Six TN patients aged 23 (F), 31 (M), 38 (M), 45 (M), 48 (F), and 66 (F) and three controls aged 22 (F), 54 (F), and 55 (M) were scanned under an approved IRB protocol.
Subjects underwent the 7T-MRI protocol listed in Table 1 and high angular-resolved, simultaneous multislice dMRI (1.05 mm isotropic resolution, 68 directions). We reduced artifacts in the brainstem region by performing localized B0 shimming. dMRI images were corrected for distortions and registered to T1-weighted images.
Processing: Fiber orientation distributions for tractography were obtained from the corrected diffusion-weighted images by spherical deconvolution. Tractography for visualization of the nerve, shown in Fig. 1, was performed using the iFOD2 algorithm implemented in MRTRIX3 using a seed placed in the nerve.
The cross-sectional area (CSA) of the nerve was measured by drawing regions of interest (ROIs) in Osirix, using high-resolution T1-weighted coronal images. CSA was measured for both left and right trigeminal nerves, with two ROIs drawn for each nerve: the first at the point where the nerve emerges from the brainstem pons and the second at the point that the nerve enters Meckel's cave. The two ROI CSA values were averaged to obtain mean CSA of the nerve. An asymmetry index (AI) was calculated by subtracting right from left and dividing by the average CSA. A group comparison of AI values was performed.
7T-MRI data was used in addition to clinical standard of care imaging for treatment planning. 7T multimodal imaging consistently provided improved visualization of the trigeminal nerve emerging from the brainstem compared with clinical standard of care. This included identification of encroaching vessels in cases of possible NVC as well as compression of the nerve due to other abnormalities such as an epidermoid lesion.
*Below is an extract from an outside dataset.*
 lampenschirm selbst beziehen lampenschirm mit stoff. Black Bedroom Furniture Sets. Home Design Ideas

The structural imaging quantitative metrics performed are shown in Table 2. Qualitatively, asymmetry was observed in the trigeminal nerves of patients. We found initial quantitative differences, with an average AI of 0.441 for patients compared with 0.144 for controls. A t-test was performed, indicating a trend toward significance (p ∼ 0.07) and an effect size of ∼0.50.
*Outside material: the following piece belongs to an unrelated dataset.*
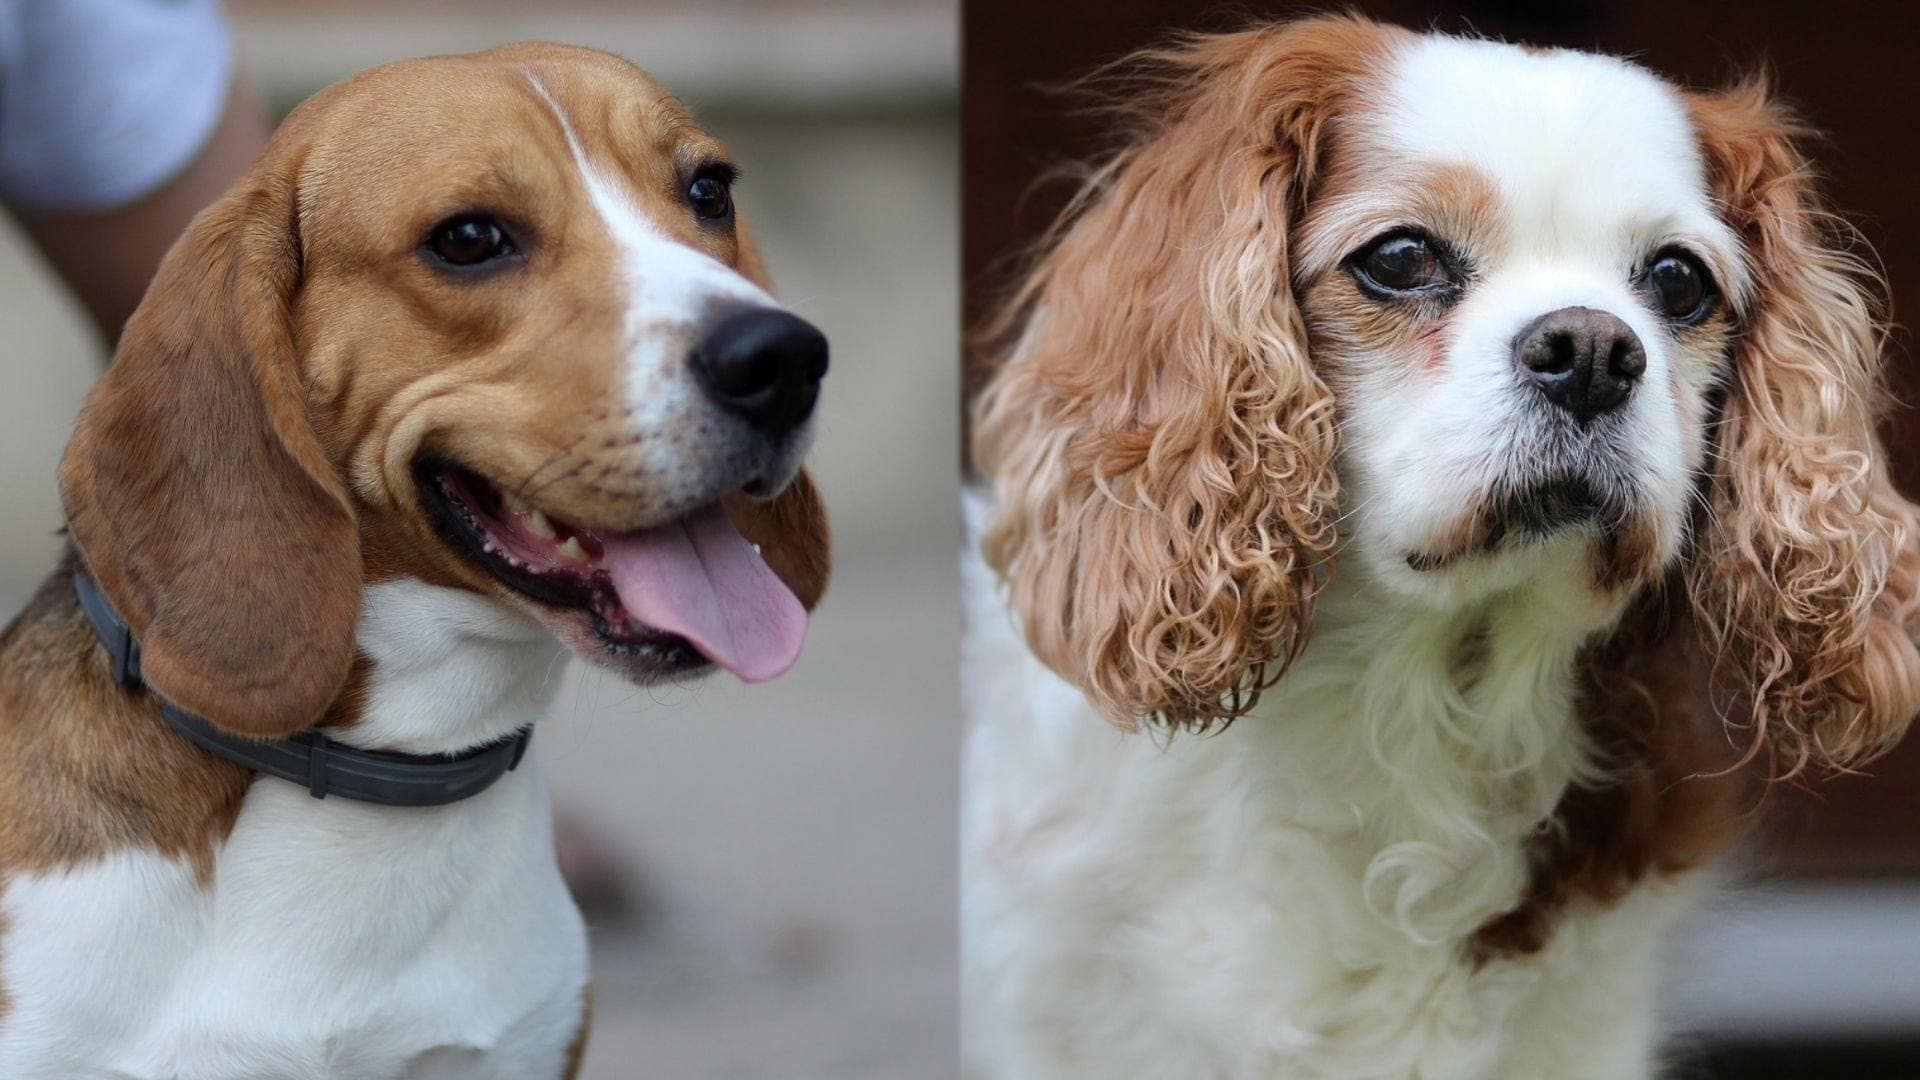 Beaglier - Beagle and Cavalier King Charles Spaniel Mix

7T-MRI provided increased visualization of trigeminal nerve integrity and proximity to adjacent vessels. In general, greater asymmetry in nerve CSA was found in patients compared with controls with a high effect size. Ongoing work is focused on validating these findings in a larger sample. 7T-MRI could provide a powerful tool to enhance our understanding of TN pathophysiology and improved diagnosis and treatment of TN.